As mentioned in previous blog posts, the ten main swing states in 2020 are Arizona, Florida, Georgia, Iowa, Michigan, North Carolina, Ohio, Pennsylvania, Texas, and Wisconsin. In the very first blog post, we saw that the south has been getting more blue over time while the midwest has been becoming more red. Here, we examine demographically why that might be happening and what it means for 2020. Rather than focus on all ten swing states, we focus our attention towards Arizona, Georgia, North Carolina, and Pennsylvania, since these are the states that have the highest correlations between the actual two party vote and certain demographics.

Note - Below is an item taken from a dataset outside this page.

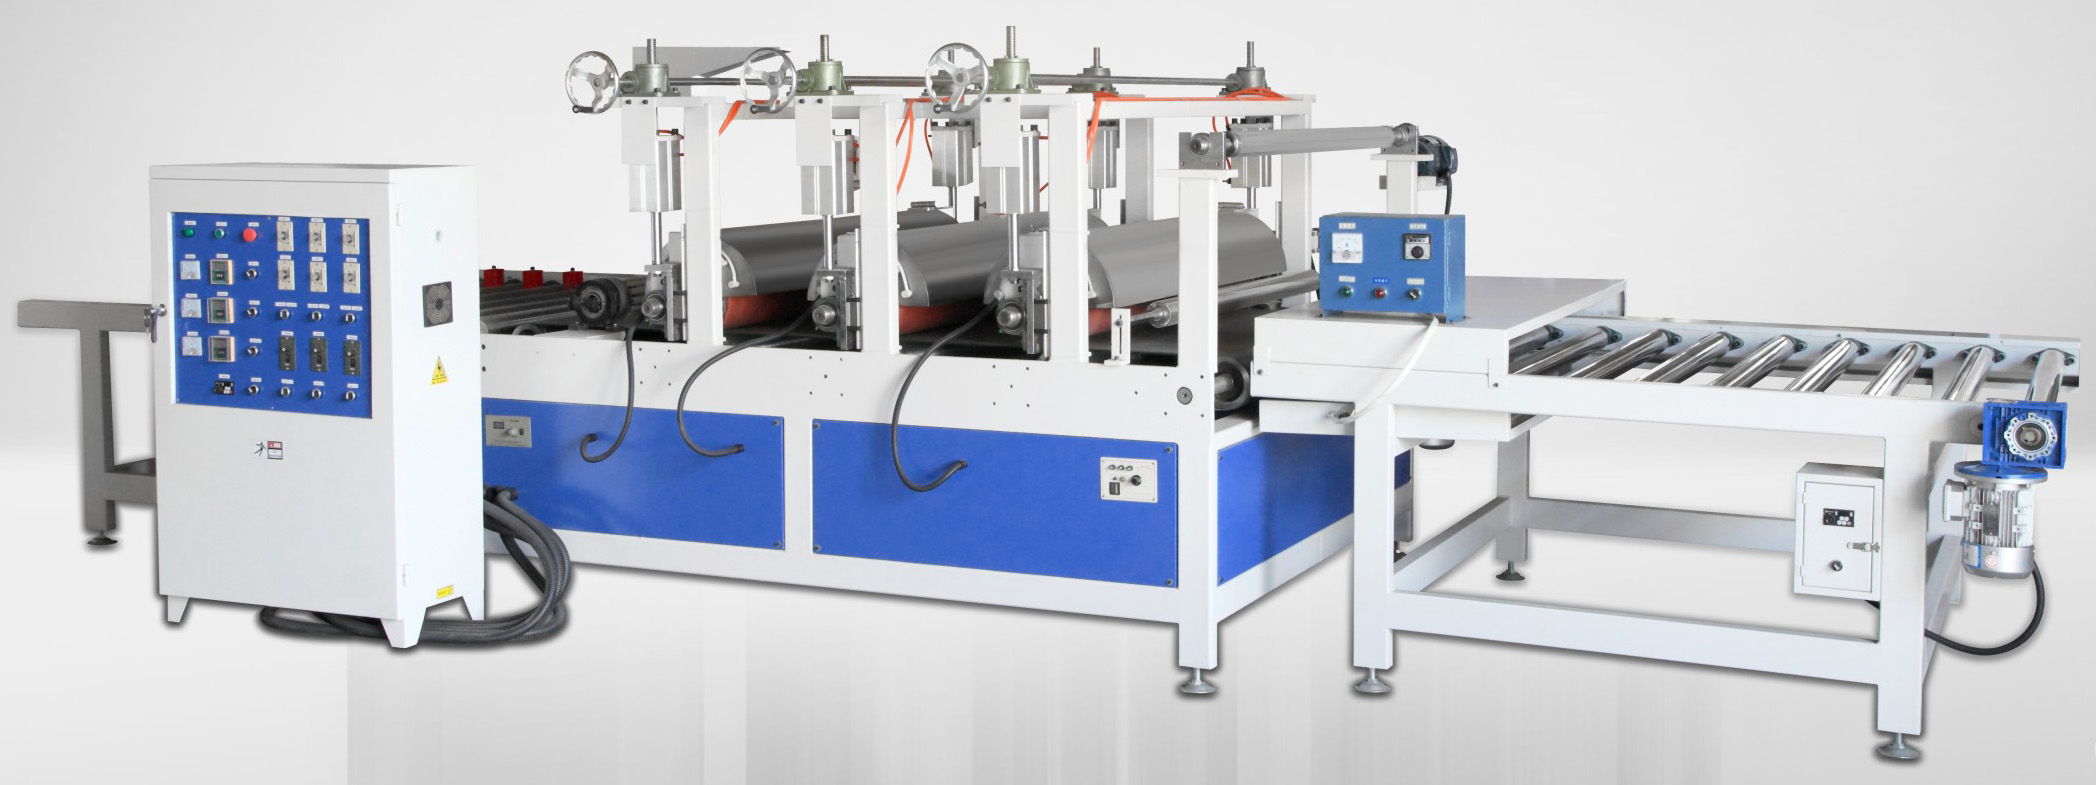 pvc板材热烫印机
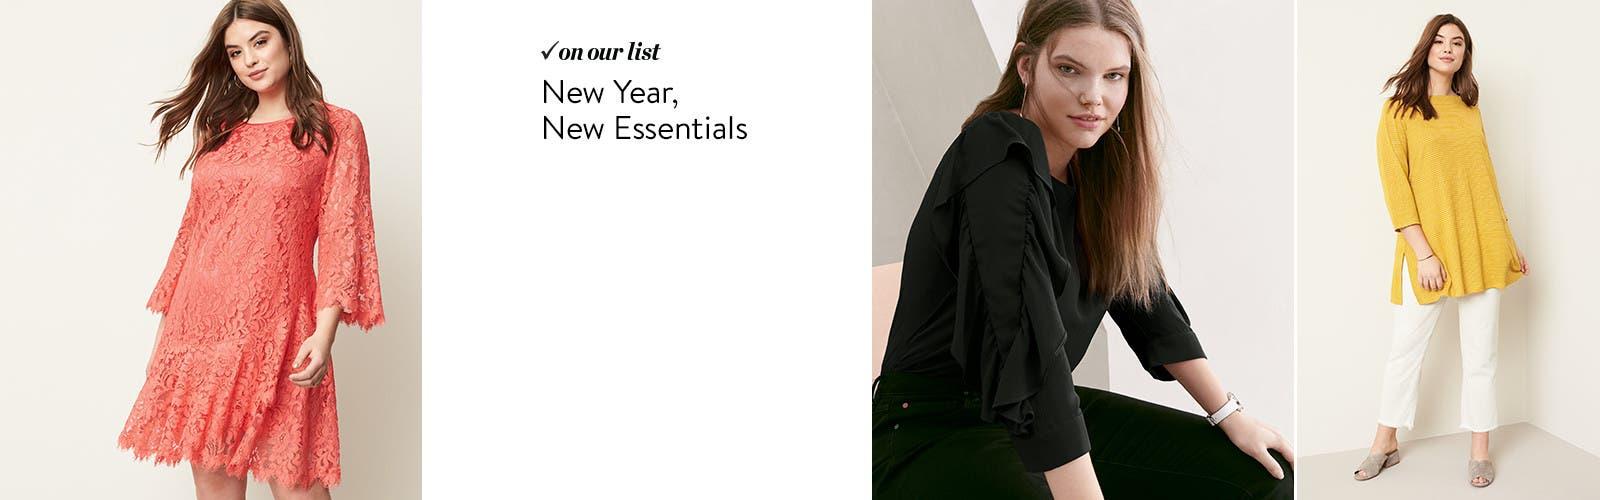 New year, new essentials.

We only have access to demographic data through 2018 for each state, which is two years before this year’s election. To be consistent with this to best predict 2020, we create linear regressions between the popular vote in each state and shifting demographics two years earlier. We see the following for Arizona and Georgia:

Arizona vs Male Georgia vs Male

To assess the accuracy of this model, we can use out of sample testing to try to predict 2016. In Georgia, if we omit the 2014 demographic data and the 2016 election results, we get the equation y = -10.26x + 541.42. Then, using the fact that in 2014 the population of Georgia was 48.17% male, we predict a Democratic two party vote of -10.26(48.17) + 541.42 = 47.20%, while the actual two party vote was 47.34%. This gives us confidence that even though our model is univariate, it still is accurate and we can use it to predict 2020.

Plugging in the 2018 male populations in Arizona and Georgia gives a predicted outcome that Joe Biden will receive -7.393(49.406) + 411.753 = 46.494% of the two party vote in Arizona and -10.28(48.06) + 542.42 = 48.3632% of the two party vote in Georgia.

We get the following model for Pennsylvania, where we look at the white population instead of the male population because the white population has a historically higher correlation with the two party vote in Pennsylvania:

Pennsylvania vs White

Then, plugging in the 2018 white population in Pennsylvania, we predict that Joe Biden will receive 0.4702(78.744) + 13.198 = 50.224% of the two party vote, a very slim victory. These predictions, where Arizona and Georgia both go red but Biden is slightly favored in Pennsylvania, are consistent with the predictions from the polling week. Since we previously have predicted that Joe Biden will win in 2020, we can continue to believe that prediction will hold.

Using Binomial Regression Models and Polling to Predict 2020

Question: How can we use binomial regression to predict the outcome of the swing states?

Prediction: The binomial regression model predicts that Joe Biden will win nearly every swing state in 2020. Further, it gives him such a significant margin of victory that Donald Trump would not only have to exceed expectations, but blow them away significantly more than he did in 2016 to win reelection.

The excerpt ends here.